Pytanie, czy przygoda z Tarantoga nie miala tak sie zakonczyc i czy nie mialo to posluzyc nie tylko podbiciu kursu (mnostwo akcjonariuszy wtedy wychodzilo z akcjonariatu, co malo komu wydalo sie podejrzane, ze rezygnuja na starcie projektu mogolskiego lub tuz przed nim), ale rowniez przekazaniu aktywow MSX Tarantodze, by poprzykrywac ich realna wartosc (klania sie tu opinia rewidenta, ktory mial watpliwosci). Likwidacja mogla by byc ostatnim aktem tego przedstawienia.

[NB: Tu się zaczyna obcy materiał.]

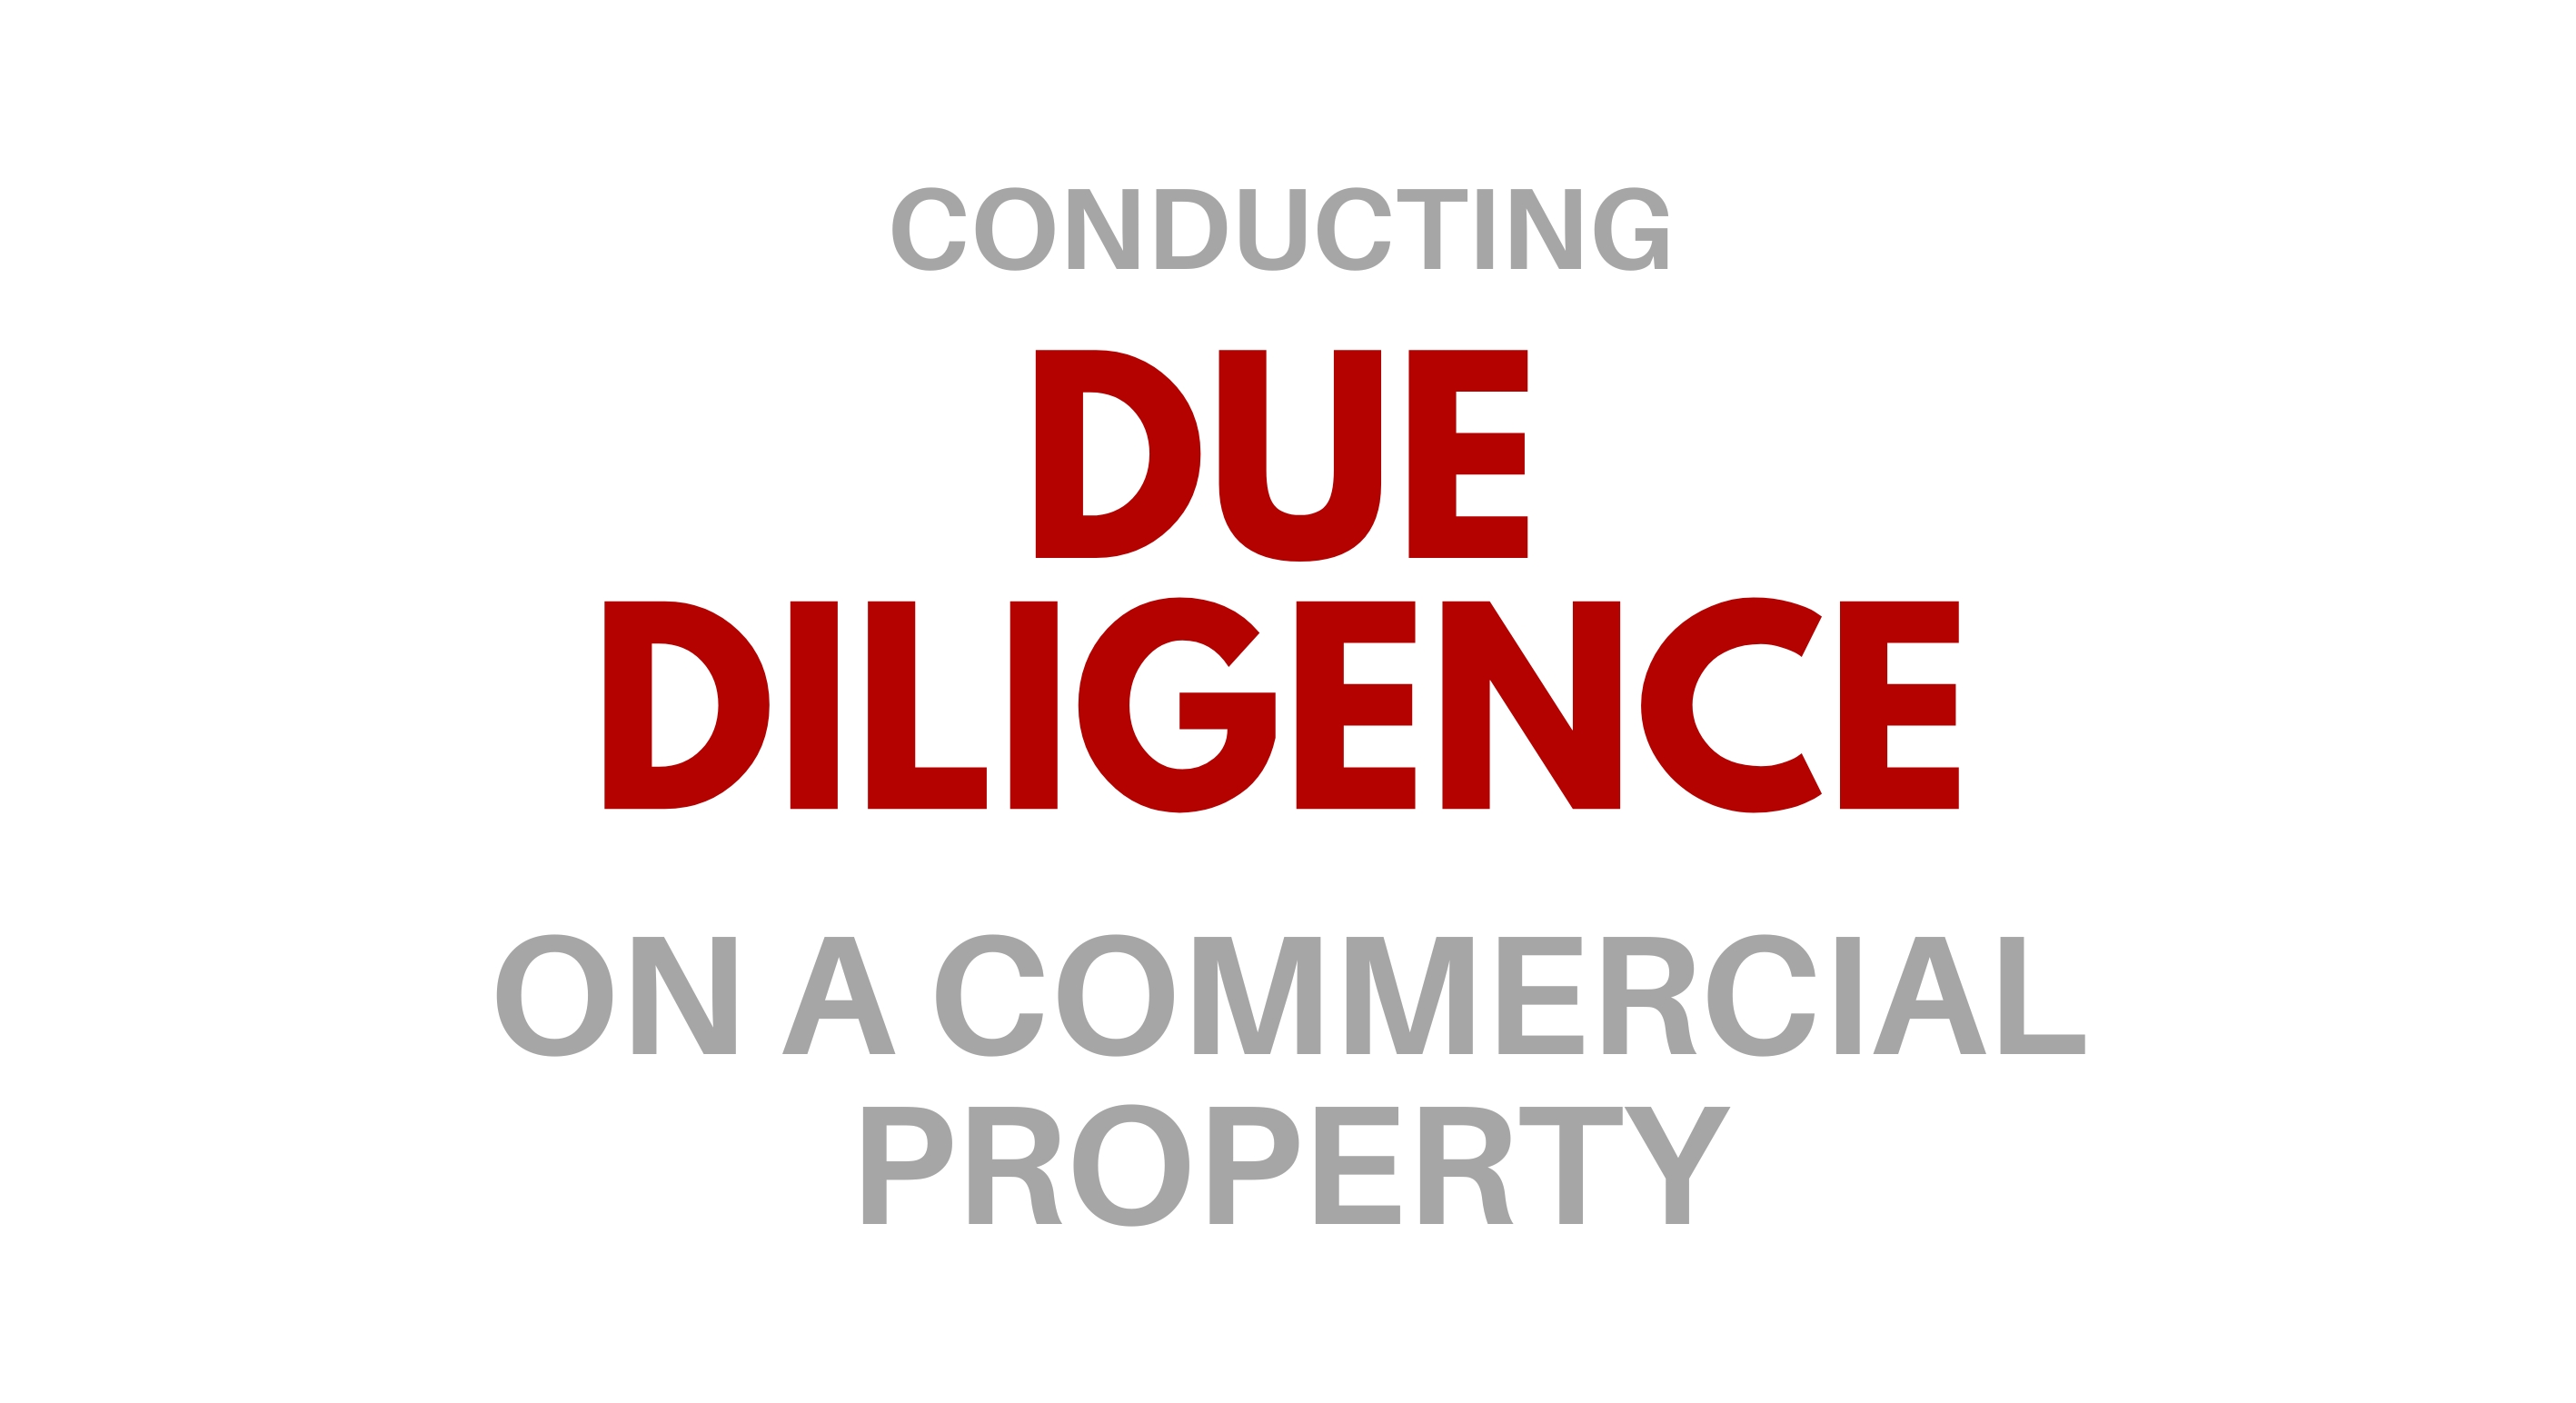 Conducting due diligence on a commercial property

Mieli wszak swiadomosc strat firmy z lat ubieglych, zobowiazan. Wg mnie gdy zaczna odzywac sie wierzyciele, przyjdzie koniecznosc rozliczenia strat, publikacji aktualnych raportow to tu kamien na kamieniu nie zostanie, ale to tylko moje gdybanie i kazdy i tak zrobi co uzna sam za stosowne, Tak Polacy z Polakami robili interesy Mongoolii i to jest podstawowa sprawa do zbadania przez organa scigania. Wycofanie wniosku o upadlosc i uwolnienie sie spod nadzoru sadowego, tez jest zastanawiajace.
Jezeli opublikuja zaleleraporty, to tu biegly rewident nie bedzie mial litosci nt. wyceny aktywów i to wg mnie przyczyna tak duzych opoznien w ich publikacji.